In 1905 Poul Bjerre married Gunhild Wennerberg, who was the mother of his sister-in-law Amelie Posse. They remained married until Wennerberg's death in 1925.

==Portrayal in Bära bud==
The relationship between the Poul and Andreas Bjerre was the subject of the 2008 historical novel Bära bud by Norwegian author Håkan Bravinger, which was based on the diaries kept by the two brothers as well as other historical documents.

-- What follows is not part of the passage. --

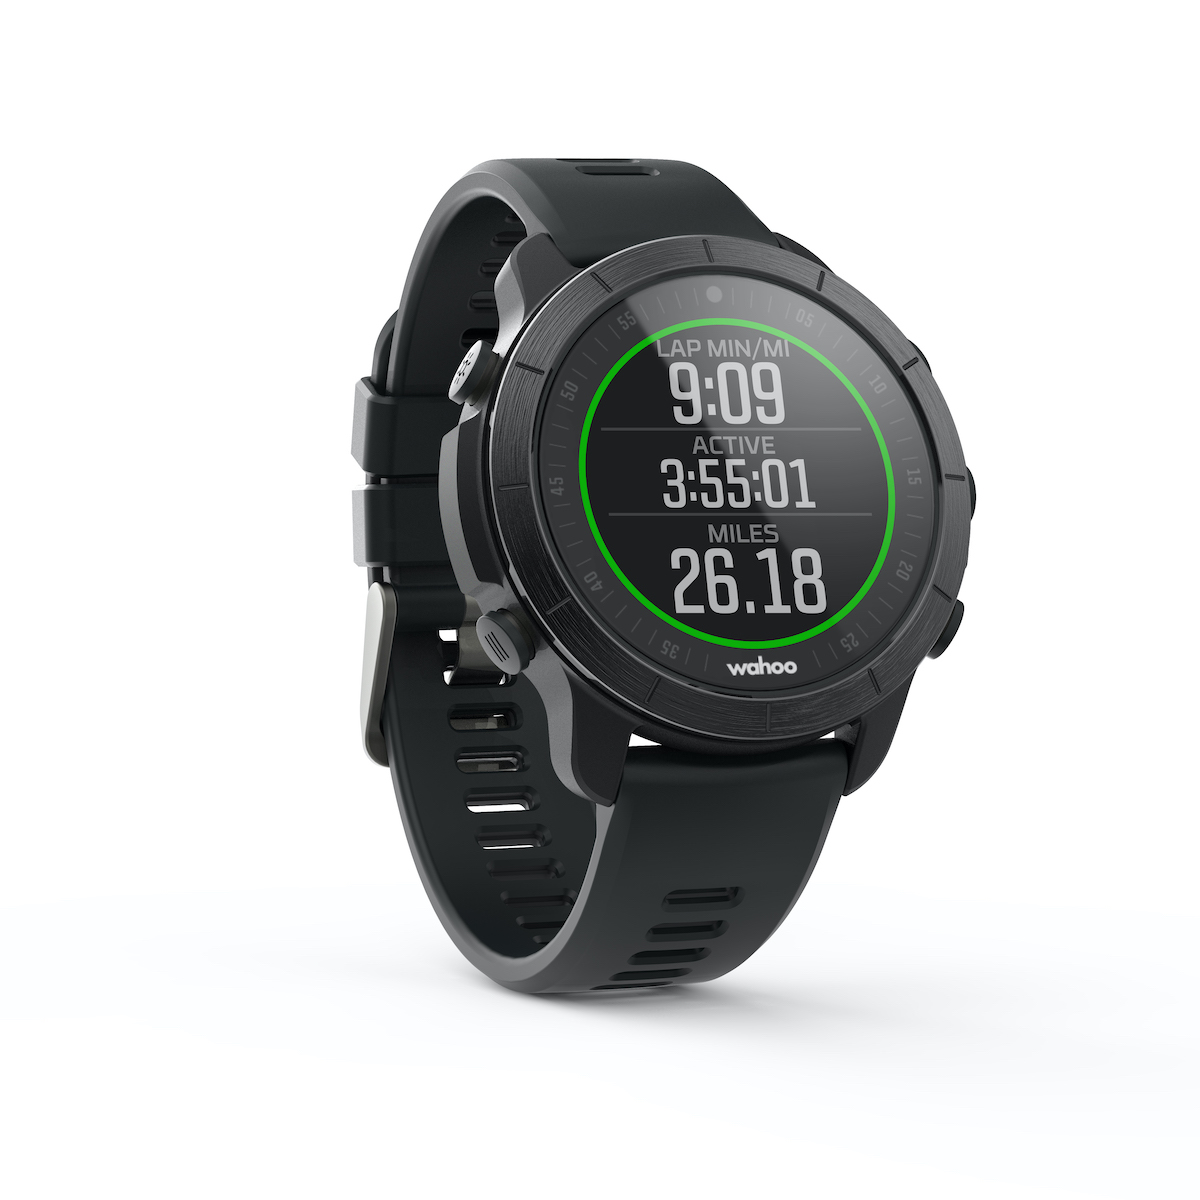 Wahoo_ELEMNT-RIVAL-Stealth-Grey_WF140BK_FrontRight_WorkoutRunning
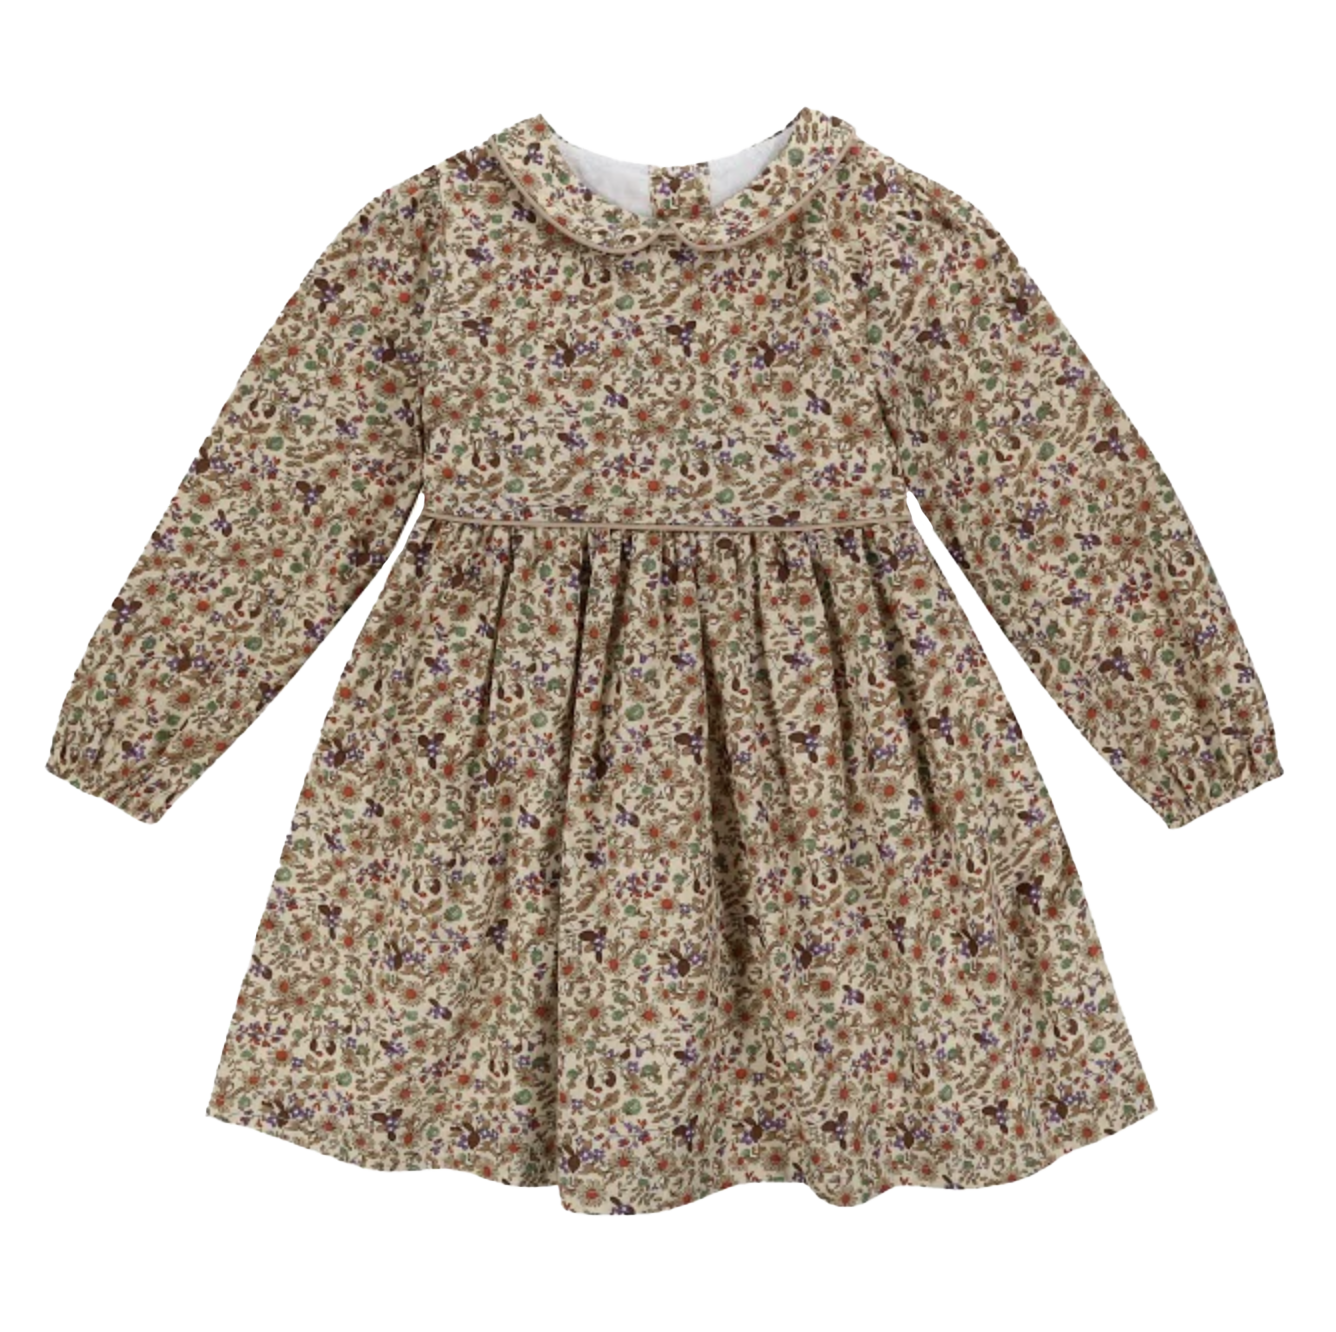 [3/4y] Little Cotton Clothes Dorothy Dress in Autumn Floral

In the novel Bravinger portrays Andreas Bjerre's death from suicide, leaving a note for his wife Madeleine and for his mother. His brother Poul, for whom Andreas had often expressed great hatred in his diaries, is portrayed as refusing to accept that it was suicide.

== Published works ==
In English:
- "The history and practice of psychoanalysis", 1916
- "Death and renewal", 1929
- "The remaking of marriage; a contribution to the psychology of sex relationship", 1931

In German:
- Der geniale Wahnsinn. Eine Studie zum Gedächtnisse Nietzsches, 1904
- Wie deine Seele geheilt wird. Der Weg zur Lösung seelischer Konflikte, 1920
- Unruhe, Zwang, Angst, 1955
- Psychosynthese, 1971 - (Psychosynthesis, part of the series- "Schriftenreihe zur Theorie und Praxis der medizinischen Psychologie", Volume 20.